Thursday, April 25, 2024

last night's walk, tomorrow's appointment

Last night, I walked from work to the Han River, then home—same route I'd walked the other day. I'd planned to include some creekside staircase work, but as the walk started out, I began experiencing some minor chest pains, and that was enough to warn me away from the stairs. After about ten or twenty minutes of walking, though, the chest pains disappeared, and the rest of the walk went fine. I recall feeling resentful, as if the hospital had done something to me, making my recovery this time slower than it had been after my stroke. Honestly, I'm still not quite sure of the nature of what afflicts me. Simply saying "heart failure" doesn't tell me much; the term is just a label covering a spectrum of symptoms and conditions.

I think part of my resentment had to do with the fact that the chest pains' appearance and disappearance followed the same pattern as from before I'd been hospitalized. I'd thought the hospital treatment and the new meds might do something to break the pattern, but apparently not. So I'm stuck in some sort of medical samsara.

Today's a fasting day: my first follow-up appointment at the hospital is tomorrow, and my paperwork says I have to fast for at least nine hours before arriving. To my delight, I saw that my weight had gone down when I weighed myself this morning: I'd dropped from 115.5 kg to 114 kg. That's undoubtedly thanks to walking yesterday. Since I'm fasting and walking today, I expect to drop another kilo. It's all liquid weight, of course, but as long as the trend keeps going down, then I don't mind. My only worry is that I might get woozy tomorrow if I go too long without food, and the appointment is at 4:50 p.m. I can say that taking meds at night has been a good strategy thus far: when I wake up in the morning, I'm not woozy at all. Then again, I do have a diet smoothie for breakfast after waking up and recording my numbers. Tomorrow, my worry is there will be no breaking of the fast until much later in the day. I guess we'll see how it goes.

Here's hoping for a chest-pain-free walk tonight. And maybe some stair work.

UPDATE: the message with my QR code finally arrived. I was getting worried.



3 comments:

John Mac said...

I hope you get some good news and clarity from the docs today. I'm glad you had a good walk, but those continuing chest pains would freak me out. It sounds like you are doing what needs to be done to heal, but maybe you can get some feedback on the meds, symptoms, and a what next course of action.

Good luck!

Daniel said...

"I recall feeling resentful, as if the hospital had done something to me, making my recovery this time slower than it had been after my stroke. Honestly, I'm still not quite sure of the nature of what afflicts me. Simply saying "heart failure" doesn't tell me much; the term is just a label covering a spectrum of symptoms and conditions."

This is a very philosophical observation and I feel compelled to comment to help make sense of those feelings.

From what little I know about cardiovascular disease and decompensated heart failure, I would credit the hospital with saving your life (albeit by pumping you full of drugs that may have been overkill to some extent, especially concerning BP) this time around. The recovery 'feels' slower because while modern medicine can reverse the effects of an ischemic stroke (I'm guessing yours wasn't hemorrhagic?) if treated quickly, it is much less adept at treating heart failure, which involves a complex and gradual downward spiral of the pumping mechanism and not the piping mechanism (which is what a heart attack would spring from).

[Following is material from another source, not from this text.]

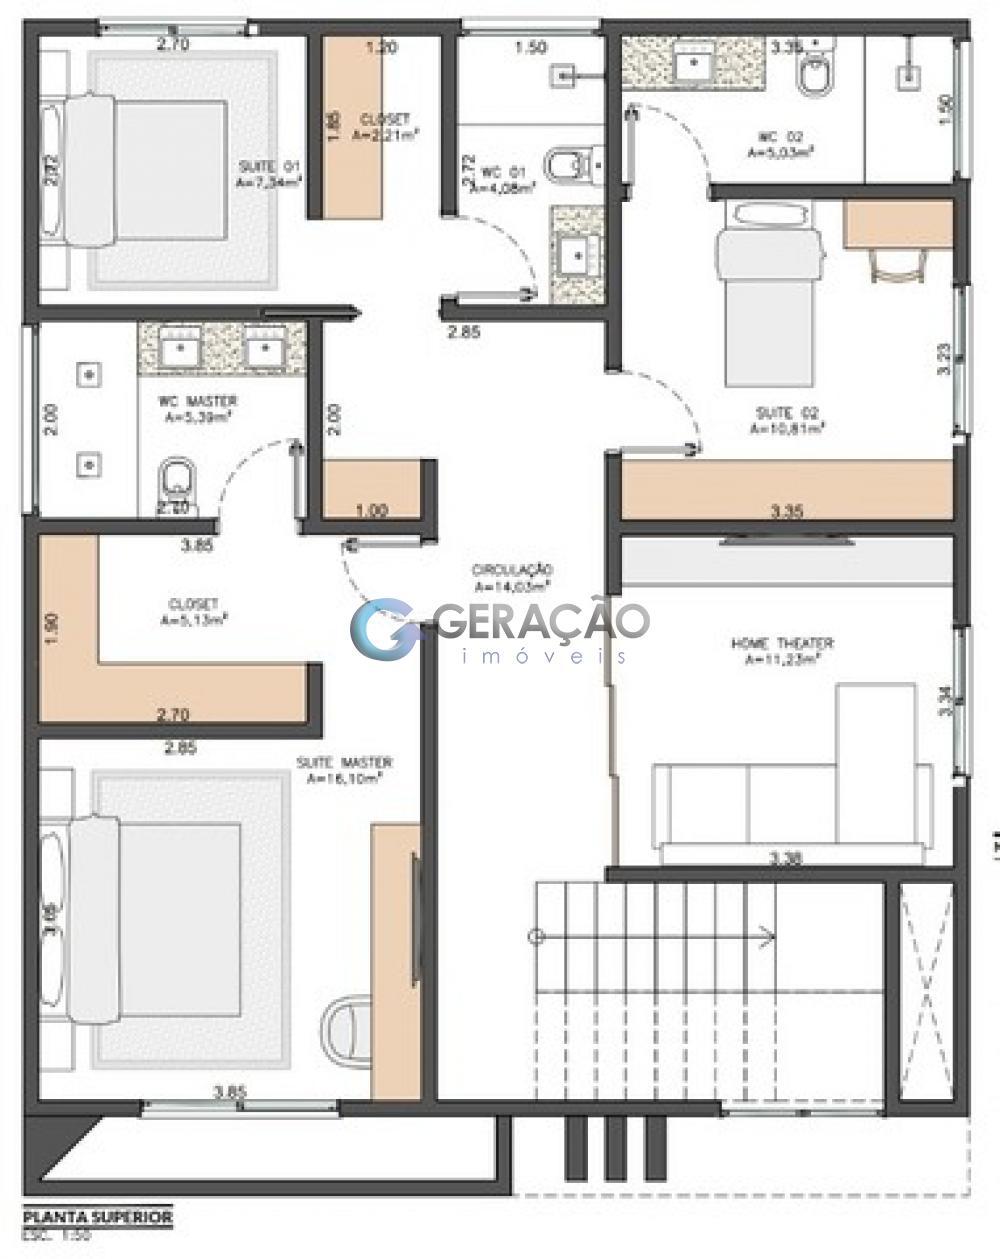 Comprar Casa / Condomínio em São José dos Campos R$ 1.224.000,00 - Foto 5

Think of it this way, if a pipe is blocked due to soft plaque that has somehow broken free from a plaque deposit due to inflammation, etc. a variety of meds and surgical procedures can force the blood to flow somewhat smoothly again if treated in due time.

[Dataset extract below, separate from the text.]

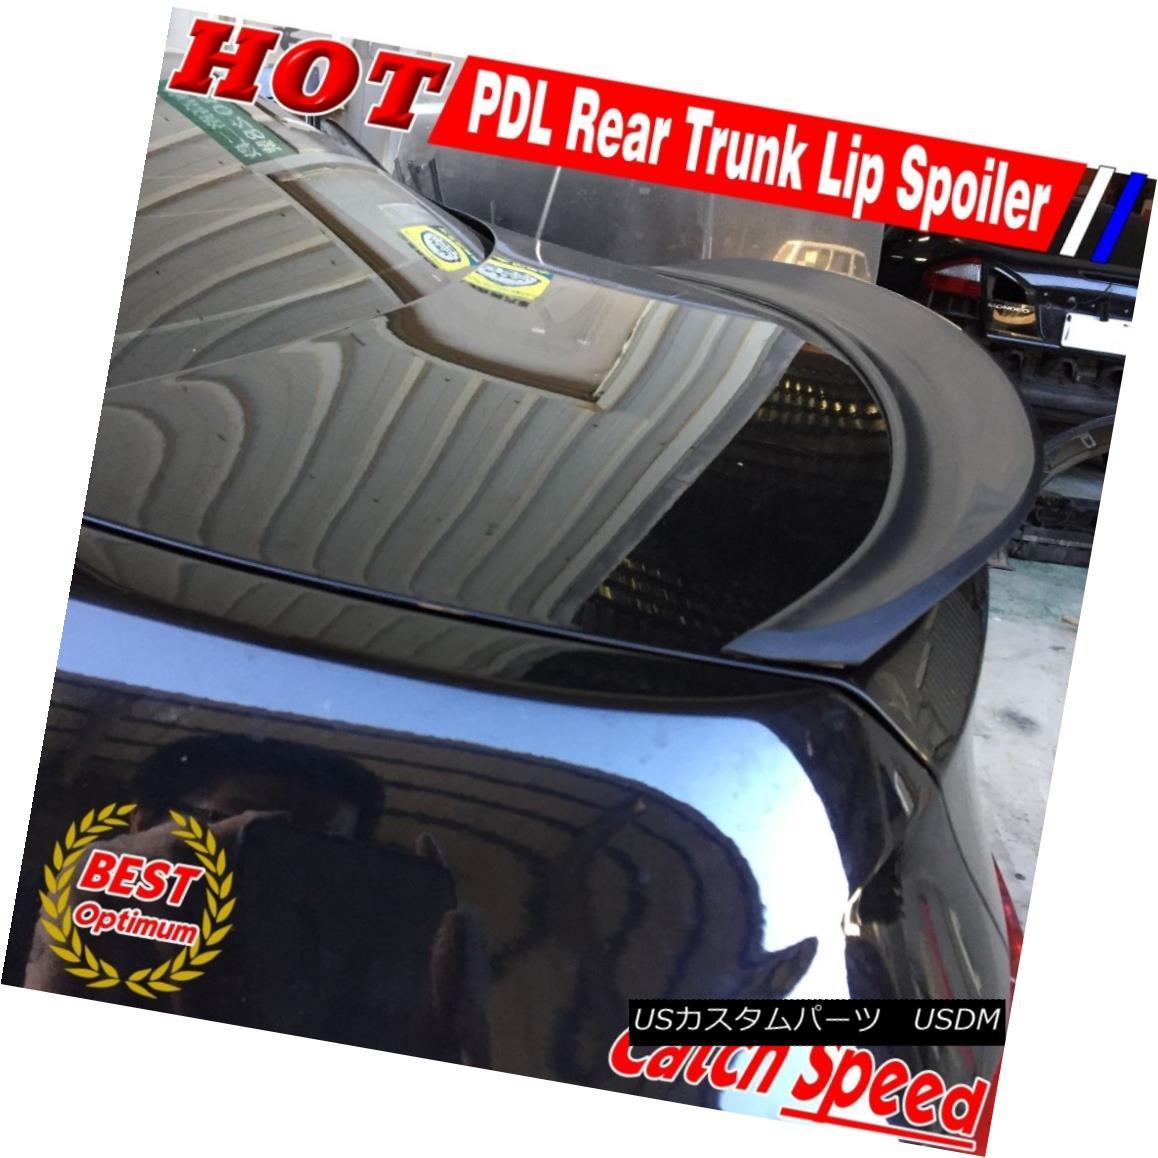 エアロパーツ Flat Black P Type Rear Trunk Lip Spoiler Wing For Volvo S80 Sedan 2007~2013 ボルボS80セダン用フラットブラックPタイプリアトランクリップスポイラーウイング2007?2013

If the pump itself is failing (i.e., heart failure), however, things become much trickier. Now, without a science or medical background, I can't comment on what goes wrong with the actual pumping mechanism, but the abstracts of papers I've read on heart failure make it clear that there's no easy way to reverse the process.

What's important is that you *can* improve symptoms and drastically cut mortality (by 40%+) by taking a range of different meds (SGLT2 inhibitors and ACEIs/ARBs, among others) and alleviate symptoms through dietary and lifestyle changes.

At your appointment today, I would ask the docs if there's anything else they can prescribe for heart failure. Metformin and insulin sound like decidedly old school antiquated treatments, especially when a literal revolution has taken place in the last decade in terms of heart failure treatment. Definitely something to consider...

Kevin Kim said...

If the pump itself is failing (i.e., heart failure), however, things become much trickier. Now, without a science or medical background, I can't comment on what goes wrong with the actual pumping mechanism, but the abstracts of papers I've read on heart failure make it clear that there's no easy way to reverse the process.

It might happen after my lifetime, but maybe someone will find a stem-cell solution to repairing damaged heart muscle. Or it may already be happening.